Friday, August 17, 2012

Internet, argument and rhetoric

So one of the most useful things I've found for learning about the craft of writing is internet forums. Learning from the experiences of others who have gone there before me (a couple general ones I like are Absolute Write and Creative Writing Forums). But sometimes internet forums degenerate into, well, internet forums. People misconstrue each others' posts, short replies get edgy, feelings get hurt, flame wars begin. I try to stay out of such things, but one recent topic stuck in my head. Not so much the topic it was on, but the nature of arguments themselves. Since my thoughts are tangential to the thread I didn't bother to share them - I didn't want to get hit by any shrapnel. But since this page is all my own, I will take the space to ramble on.  This is going to get a little philosophical and academic, so turn back now if that frightens you.

The particulars of the post are not really relevant. It generally goes like this. Someone poses a question. Someone else gives their opinion. Someone else gives a different opinion. Someone takes offense that their opinion is being questioned (doesn't really matter who or where in the chain this happens). They emphasize that it's just their opinion and they are entitled to it. Someone else accuses them of misconstruing the offending post. Someone points out that the offensive post is offensive regardless of the poster's intention. Now someone is offended that someone else is offended. Everyone tries really hard to show that their opinion is right. No one knows what the original question was.

The key really lies in the approach to an argument (even the word is loaded: argument. I could just as easily say 'discussion'). Most people enter an argument/discussion with an honest attempt to just share their opinion. But secretly we all want to be 'right'. People don't have to agree with our opinion, but they have to admit that our premise and argument are 'correct'; that we have a factual basis and thus our conclusions are logical and right. But that's simply not true. Arguing what's logically true is called rhetoric. But the problem is that rhetoric does not lead to what is 'right'.

Logic can be used to argue for (or against) anything. The secret in rhetoric is to set up your basis, the facts that are 'given' and then proceed from there. If you choose the right basis, you can logically lead anywhere (examples below). The problem with internet debate is that each person is starting from a different basis but no one realizes that. Everyone thinks they start at the same point, the original question. So we should all end up at the same place. But everyone secretly (and unknowingly) brings their own bias to the basis, so once the argument ensues we are all making logical statements that are true for us but not the others. It's an intractable problem.

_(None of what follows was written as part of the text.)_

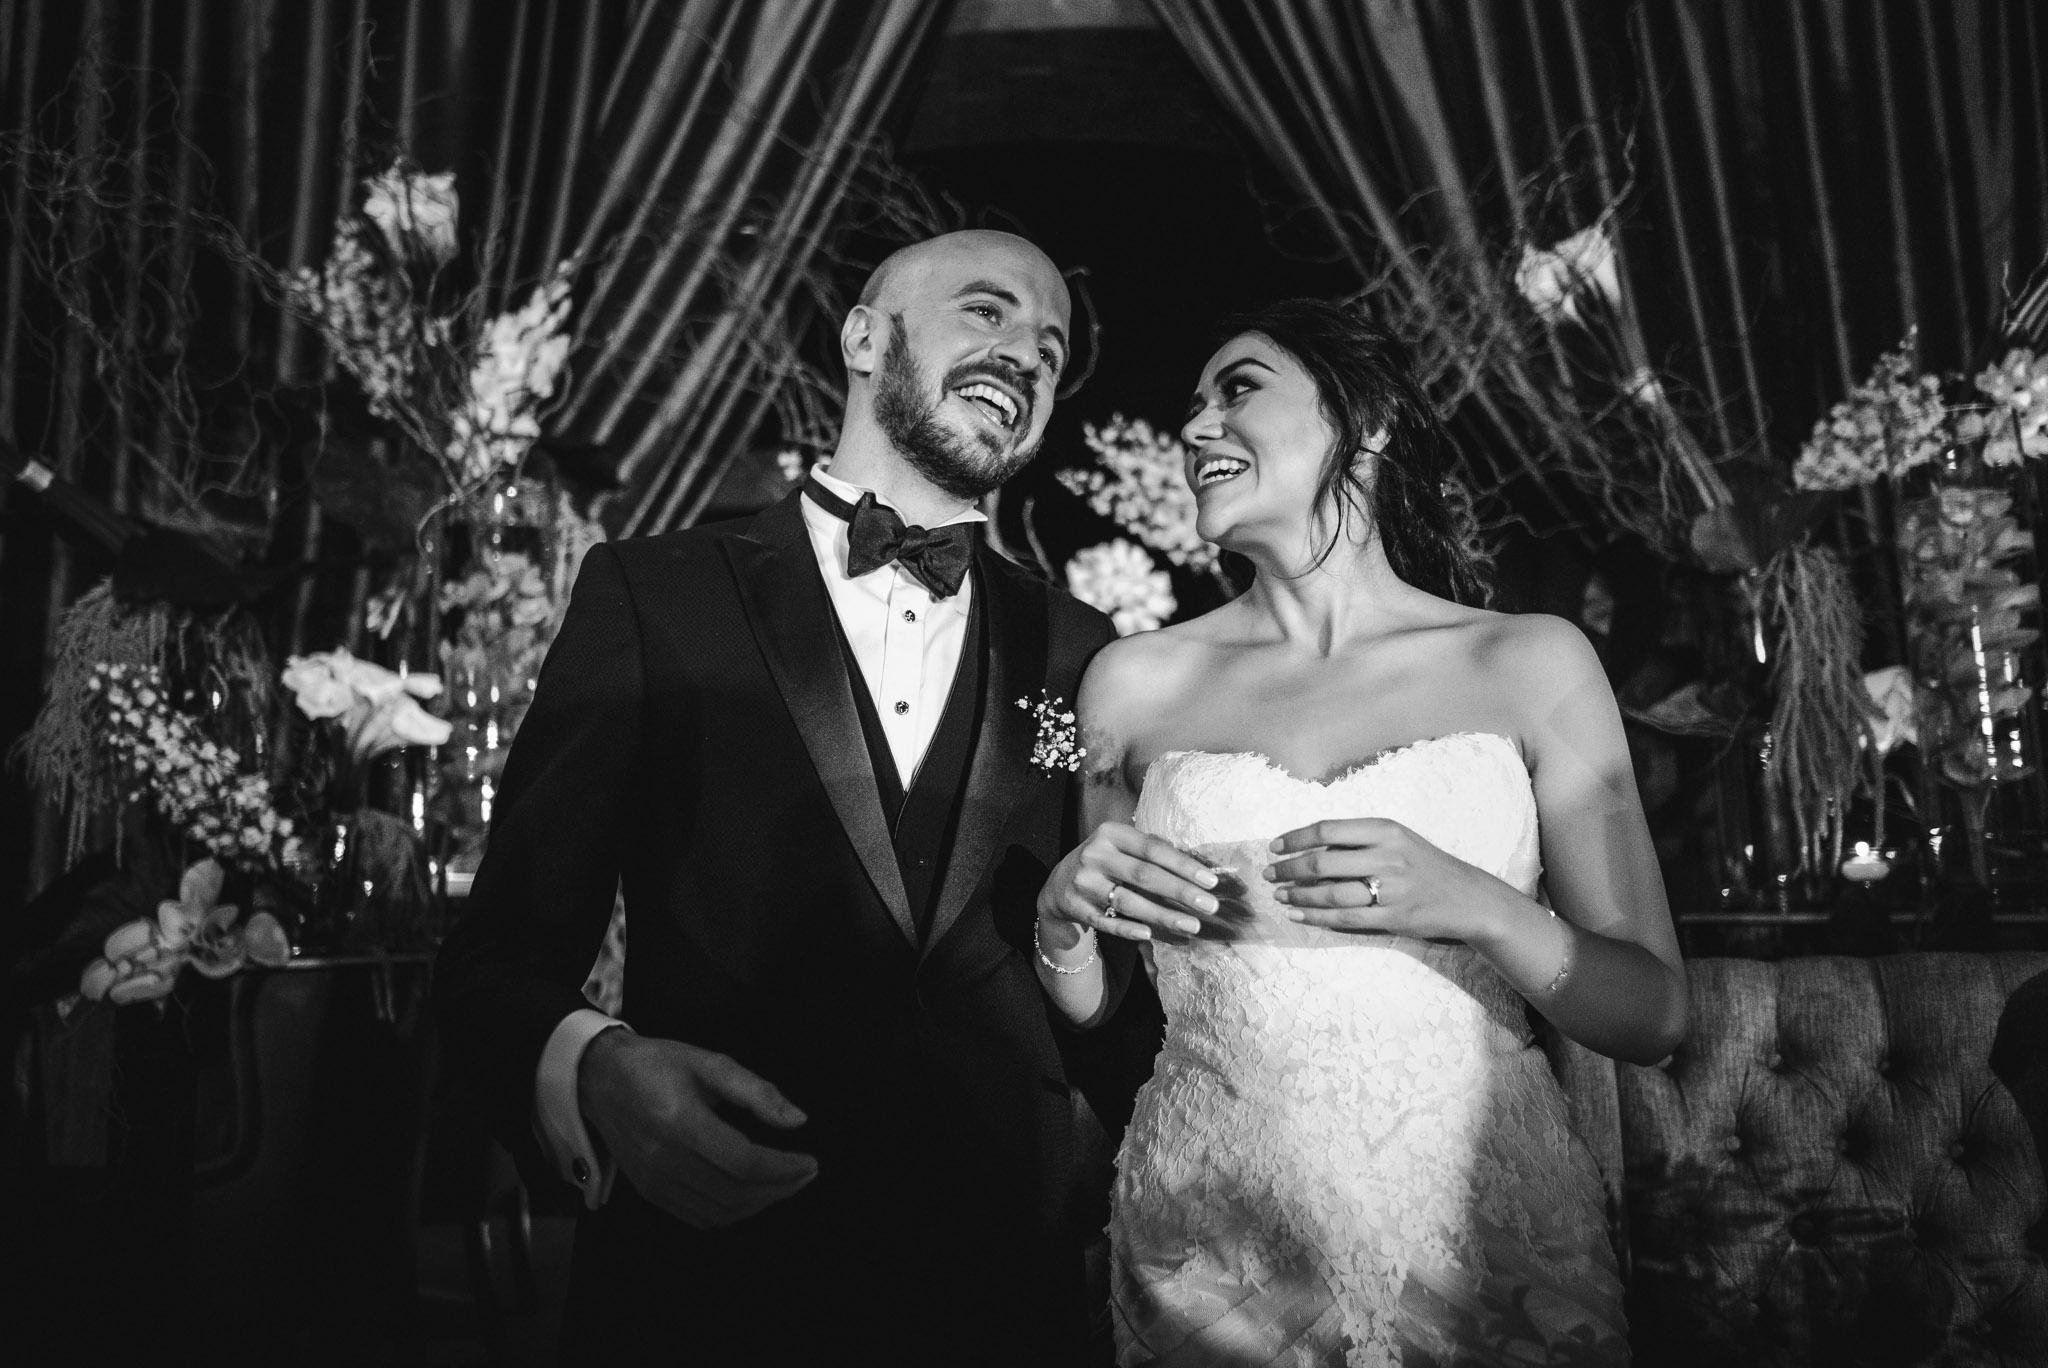 ©www.mauriziosolisbroca.com-20161002maurizio-solis-broca-mexico-canada-wedding-photographer20161002DSC05613-Edit.jpg

There are two good ways to handle this (and lots more really bad ways). You can 'win' the argument by getting people to agree to your basis. It's easier than you might think - you just have to spell it out and present it clearly. People agree to it because it isn't instantly obvious where it will lead. If your basis is accepted and you follow your logic you will come to the desired solution. You win. But it won't convince anyone (no one gets won over by logic, not on the internet). So ultimately it accomplishes nothing. But it can be fun.

The other (better?) option is to realize that the goal is not to win. At least, it's not to beat the person you are arguing with. The goal is to state your basis and your logic so that anyone who agrees with your basis will agree with your conclusion. The goal is to show what the logical outcome of an assumption is (there are no facts - bases are always assumptions). Even better, try to understand the basis of your opponent. If you can understand how they are right, then you fully understand the question. Then you can decide what is your 'right'. People will always choose what they want to be right, but if you know how you got there you will be much more confident in it (and much more likely to change it when needed). Because 'right' is a fluid thing, and those that understand that and can follow it will be much happier and less likely to need to argue.

Example 1:
Men are better than women. And I can prove it. Start with a basis: men are different than women. Do you accept that? They have different anatomies, different brain structures and organs. They are generally taller and have more muscle mass. All scientific facts. Society treats them differently. They are more likely to engage in sports, more likely to be soldiers, etc. So yes, they are different. Can you compare two different things? How about apples and oranges? Which is a better breakfast fruit? Which has a higher acidity? Which generally has more pesticide exposure? Which has more calories? Which is sweeter? Easiest thing in the world to compare. So if two things are different, and you have a rubric, you can measure them against each other. So I'm trying to win a race, let's say a 100m dash. And to avoid individuality, let's say I want the top thousand (or million) people. Should I choose men or women? For this, men are better than women.

Example 2:
Women are better than men. And I can prove it. Again, men and women are different. Women's brains are structured differently. They have a larger limbic system (emotional response). Studies prove women are more adept at non-verbal communication and more likely to use the full brain for problem-solving (as opposed to a left hemisphere, task orientated approach that men take). And the section of the brain that handles language is proportionally larger in women. So yes, they are different. Can you compare two different things? See apples and oranges above. So I'm trying to find a large number of people to negotiate a treaty with space invaders who don't speak any human language. For this, women are better than men.

Example 3:
Dogs are better than cats. Discuss...

1 comment:

  1. Quite simply, haters will hate. To avoid having your credibility and integrity damaged, don't respond to plain negativity. Hate begets more hate. Never argue with a fool. The bystanders won't be able to tell the difference between the two.